El significante se había vaciado de significado, y sólo quedaban los edificios, las estructuras vacías de contenido. O al contrario, aún estaban los contenidos, pero el art decó de muchos de esos edificios carecía ya de alguna significación, reposaban contra el espacio, sobreviviendo ya como fantasmas. Entendí entonces, desde el estómago, qué cosa es lo que ha ocurrido en estos doce años rojos. Nos han vaciado el paisaje. Pasamos y paseamos por las calles, por avenidas y autopistas (lo que va quedando de todo eso) y nos sentimos extrañados, sin sentido de pertenencia y, definitivamente, sin pertenecer. Desplazaron el paisaje, cambiaron el huso horario, la bandera y el escudo.
Todavía no tengo claro si esto es un asunto de la edad o una consecuencia política. Da lo mismo y a lo mejor es lo mismo. Ese estar en el aire, sin orientación alguna, quizás sea el precio que hay qué pagar por haber vivido en la burbuja petrolera de la Venezuela saudita, sin muchas preocupaciones y sin solución de continuidad.

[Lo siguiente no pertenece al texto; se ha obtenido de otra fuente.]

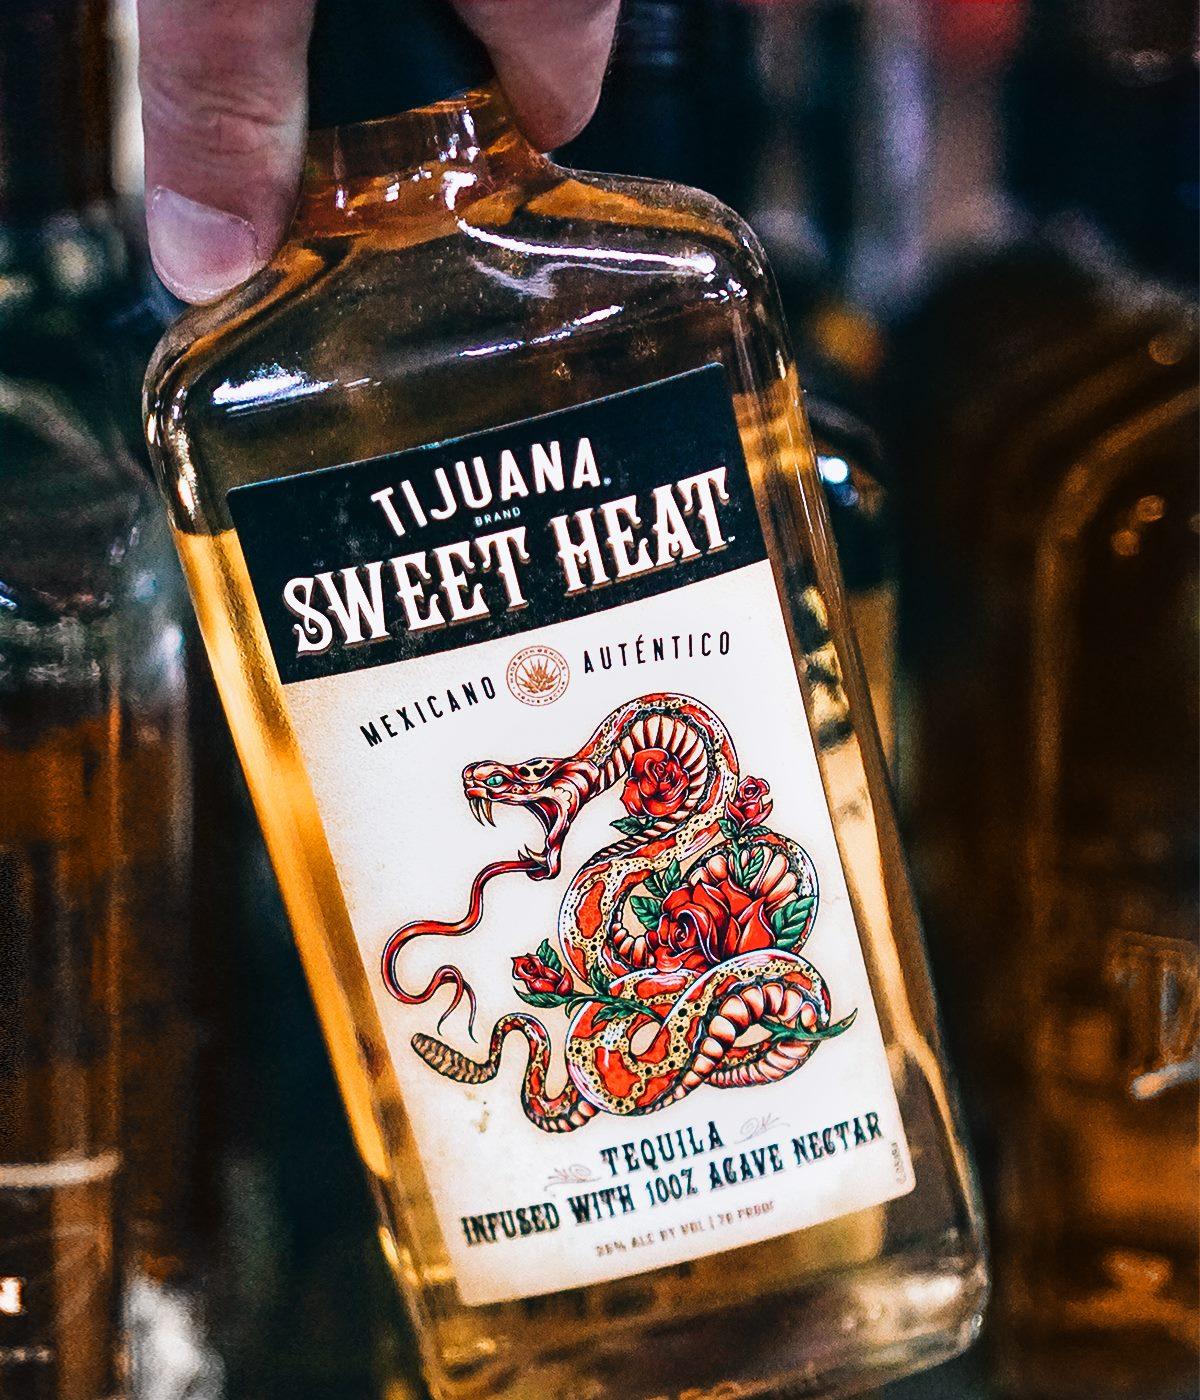 File:Tijuana Sweet Heat Tequila.jpg - Wikipedia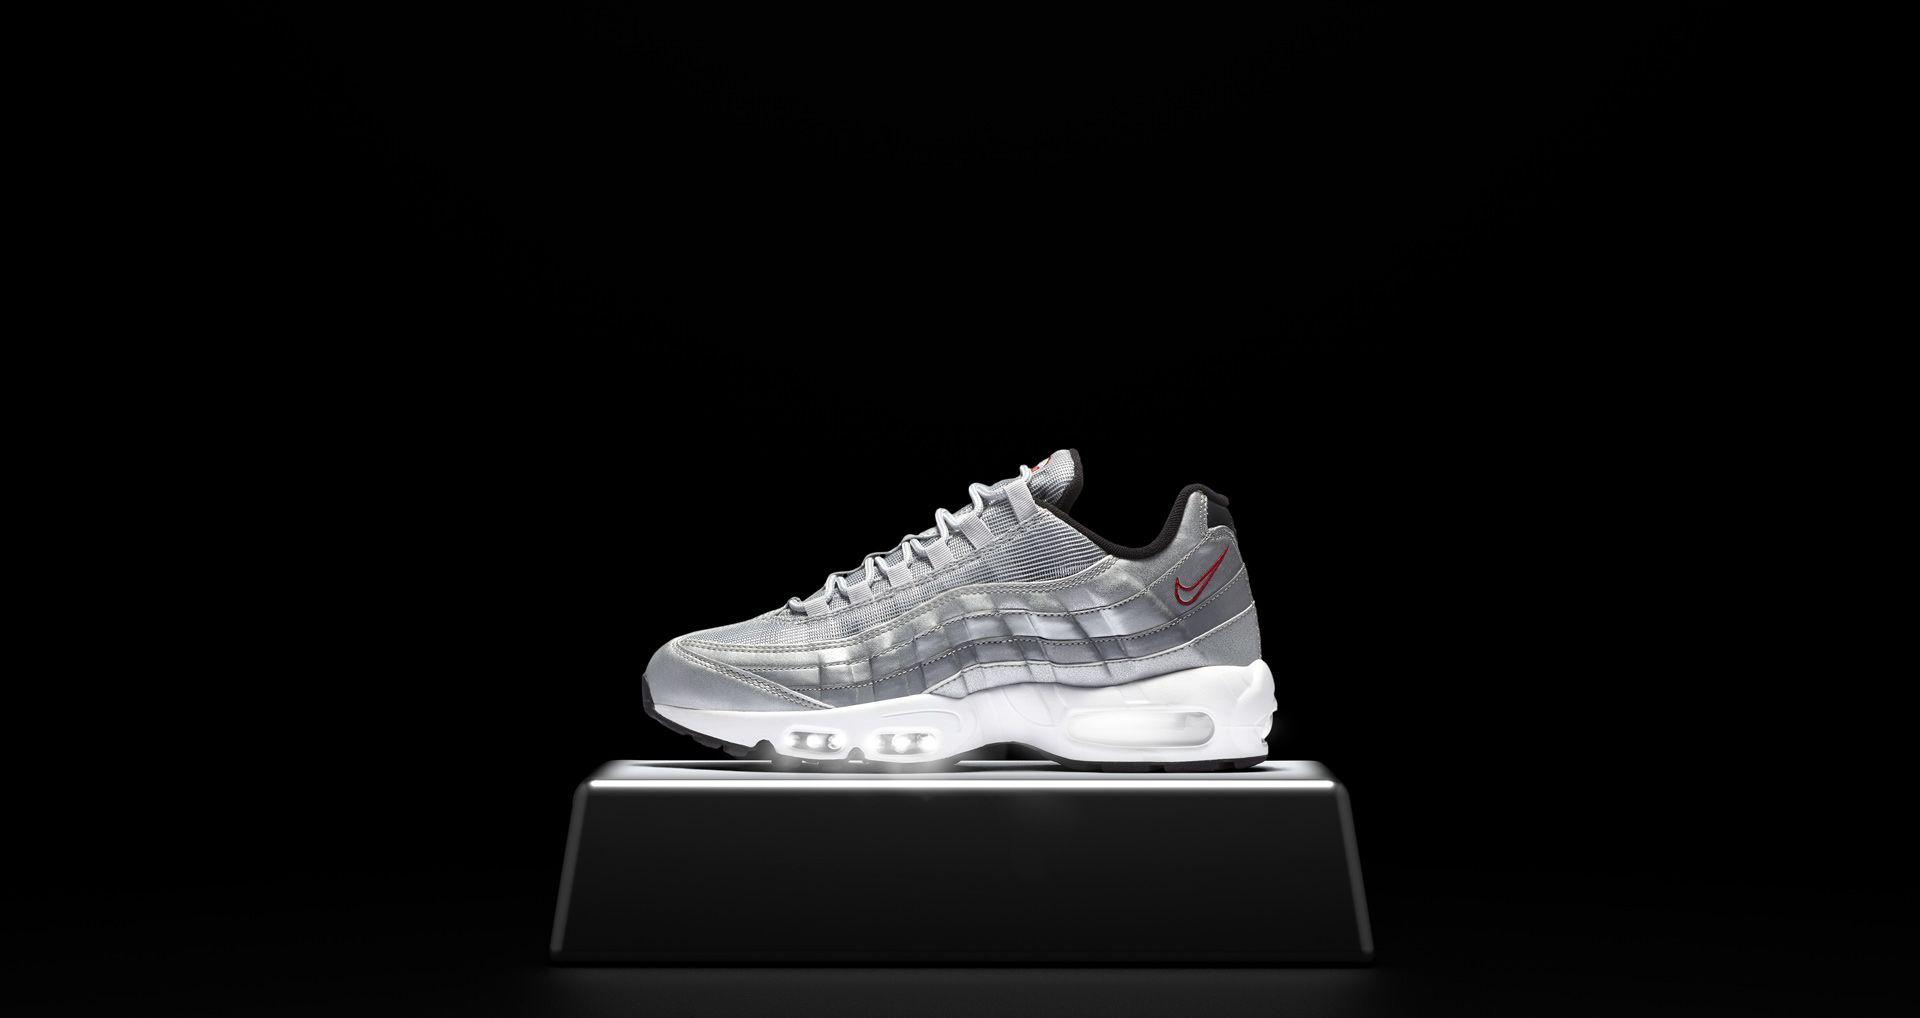 b5fc75e0f4 Nike Air Max 95 Premium 'Metallic Silver'. Nike+ SNKRS

Aún hay gente que habla de esos tiempos, exclamando la frase mentirosa cuando éramos felices y no lo sabíamos. No era que no lo sabíamos, simplemente fue una burbuja. Por suerte, existen libros como Crónicas desde San Bernardino para retomar la historia personal. El sentido, dice Deleuze, no es nunca principio ni origen, es producto. No está por descubrirse, ni restaurarse ni reemplazarse; está por producirse con nuevas maquinarias.